Rate production isn’t the only area in which Jasek is performing well this season. The Czech hockey homepage has added Corsi to their statistics tables this season, and they show Jasek in the black in terms of shot shares (a Corsi-for percentage of 51.2%), as well as a positive value relative to his teammates (+3.9%). His 12.3 shots on goal per hour at 5-on-5 rank third on Liberec, while his 5.1 scoring chances per hour rank second.
This is before we even touch on Jasek’s performance in the Champion’s League tournament, in which he currently has five points in five games, after a two-point game earlier this week against HC Davos of the Swiss National League A.
As with every article written in October, there’s a sample size alert: Jasek is only nine games into the Extraliga season. There’s no guarantee that he’ll continue to score at this pace. Still, even if he doesn’t manage another point for the rest of the year, there’s no taking away the fact that he’s already set a career high in points, and that alone speaks to the good that a change of scenery has done for him.
There might be a little bit of regret on Vancouver’s end that the aforementioned change of scenery was merely to another team in the Czech Extraliga. We know that the Canucks have made a couple of attempts to bring Jasek to North America, and as of yet they’ve been unsuccessful.
Jasek himself admitted last summer that both he and the Canucks had attempted to get him picked in the CHL Import Draft, but it appears that HC Trinec wasn’t having any of it, as he told our own J.D. Burke:
“I wanted to play in the CHL,” Jasek told Canucks Army. “The Canucks wanted (that) also, to watch (me) play there”. “I still have contractual obligations to HC Trinec for another season” Jasek continued “of course, I tried to persuade my general manager to allow (my participation in the Import Draft) but without success”.
This is disappointing not only for the fact that they couldn’t bring him over, but also because the team that had his rights hardly used him the following season.
As a European player, Jasek would have been able to play in Utica from the age of 18, if it weren’t for his contract with Trinec. With that expired, there was an opportunity to bring him to the AHL in 2017-18, and the Canucks were clearly interested in doing so.

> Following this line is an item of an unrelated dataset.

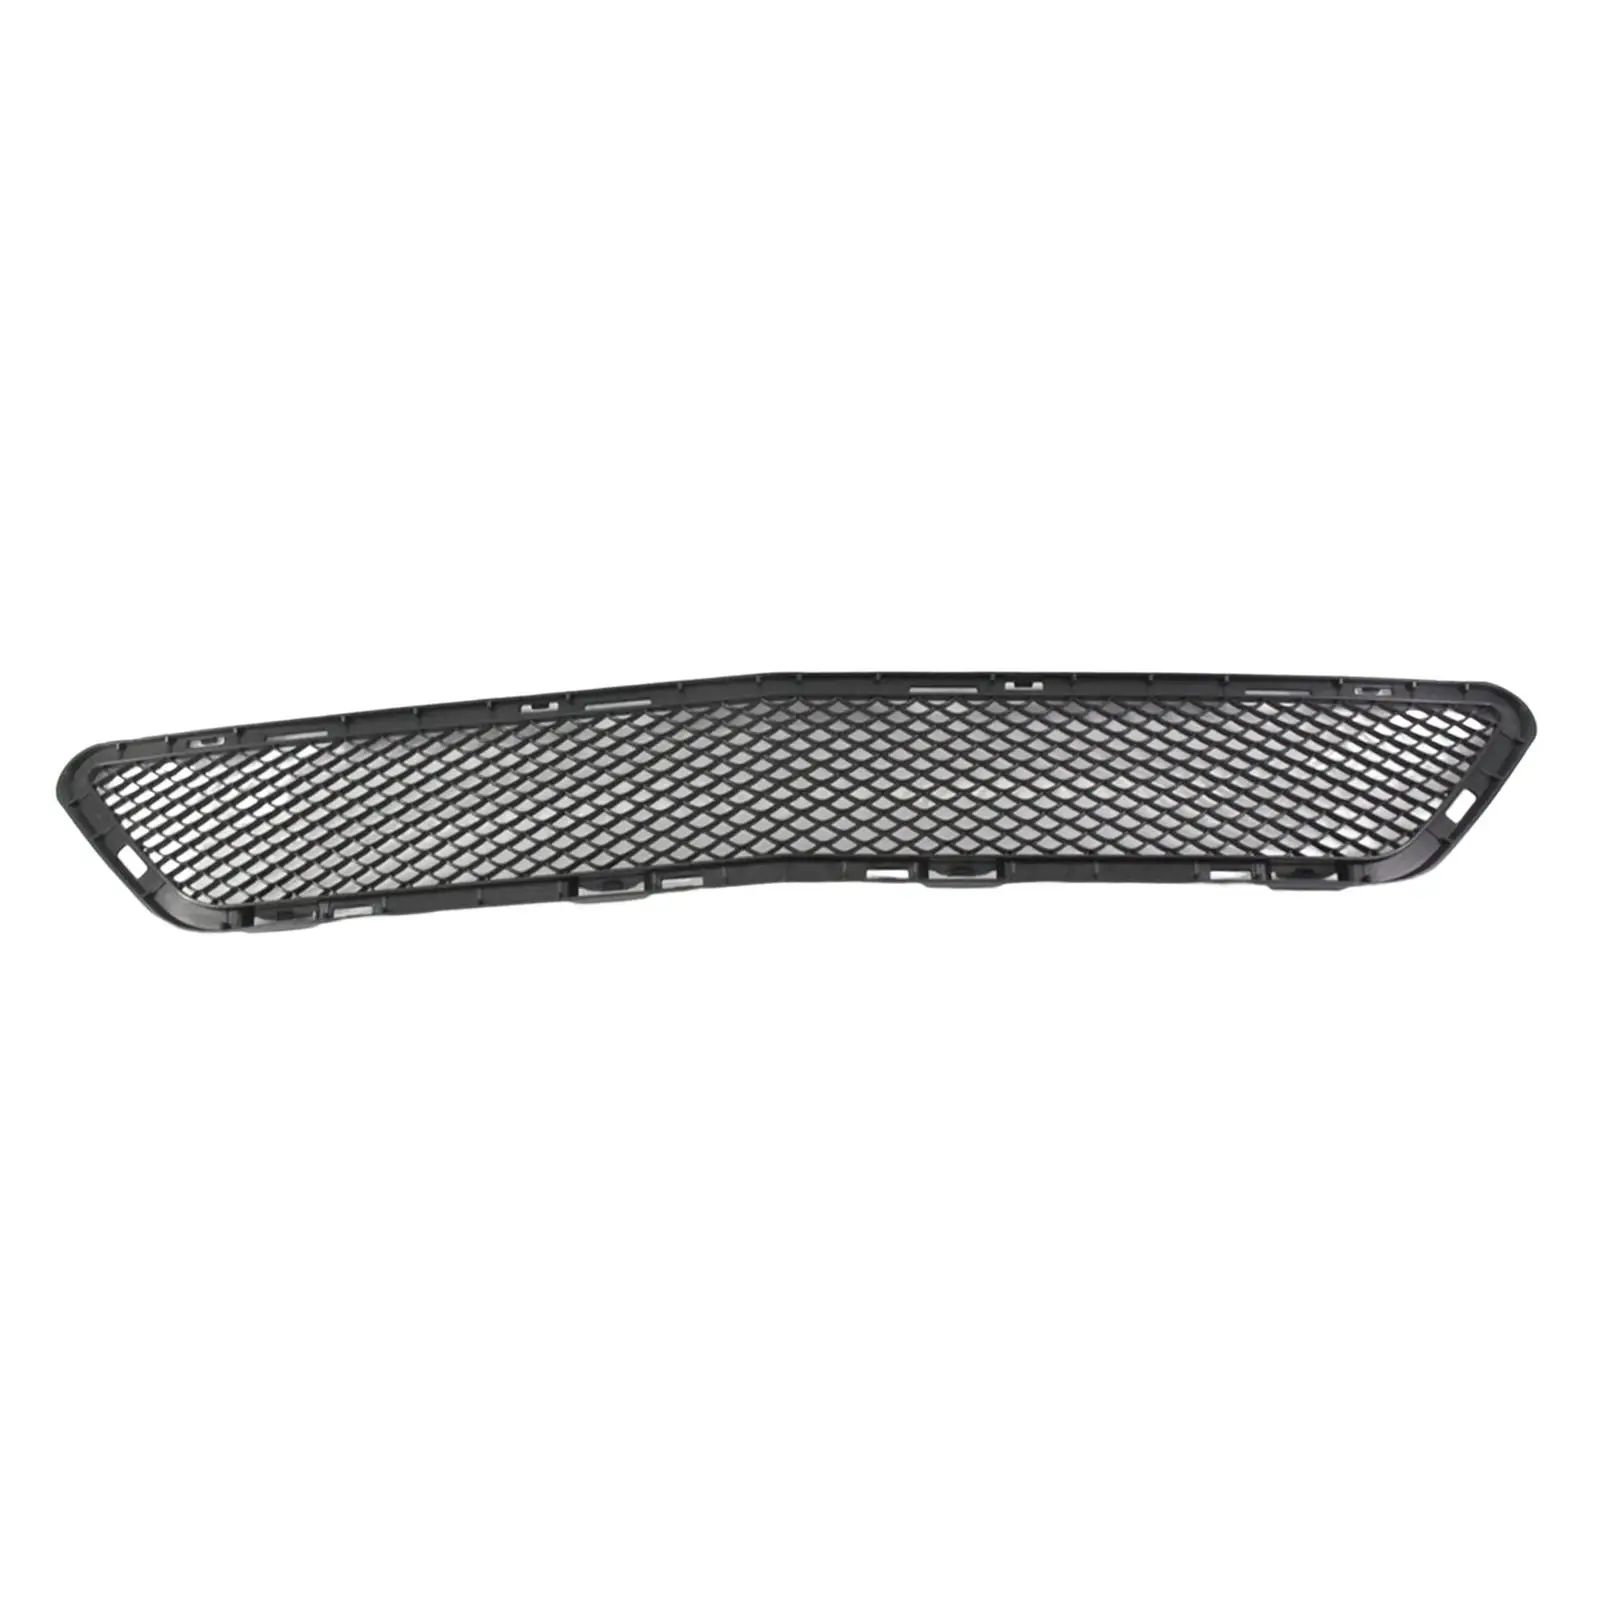 Front bumpers Lower Grill Grille Front bumpers Lower Center Grill Cover for x204 Facelift

Instead, Jasek inked a two-year pact with Liberec to stay in his home country. While that has led some to believe that he’ll be sticking in Europe for good, let’s not forget that Jasek is still just 20-years old, and only recently at that. He’s just one year older than Olli Juolevi, and the same age as Petrus Palmu, two players who were in North America and have now gone to play in Europe. The obvious assumption is that those two Finns will return, so I don’t see any reason to close the book on Jasek just yet.
With the resurgence in his play as a result of the actual opportunity that his new club has given him, Jasek has firmly reestablished himself on the radar of Canucks prospects. Not only do we finally know exactly where he is, we’re getting his message loud and clear.

All Extraliga statistics in this article were gathered from Hokej.cz/tipsport-extraliga and were current as of this morning (October 6th, 2017).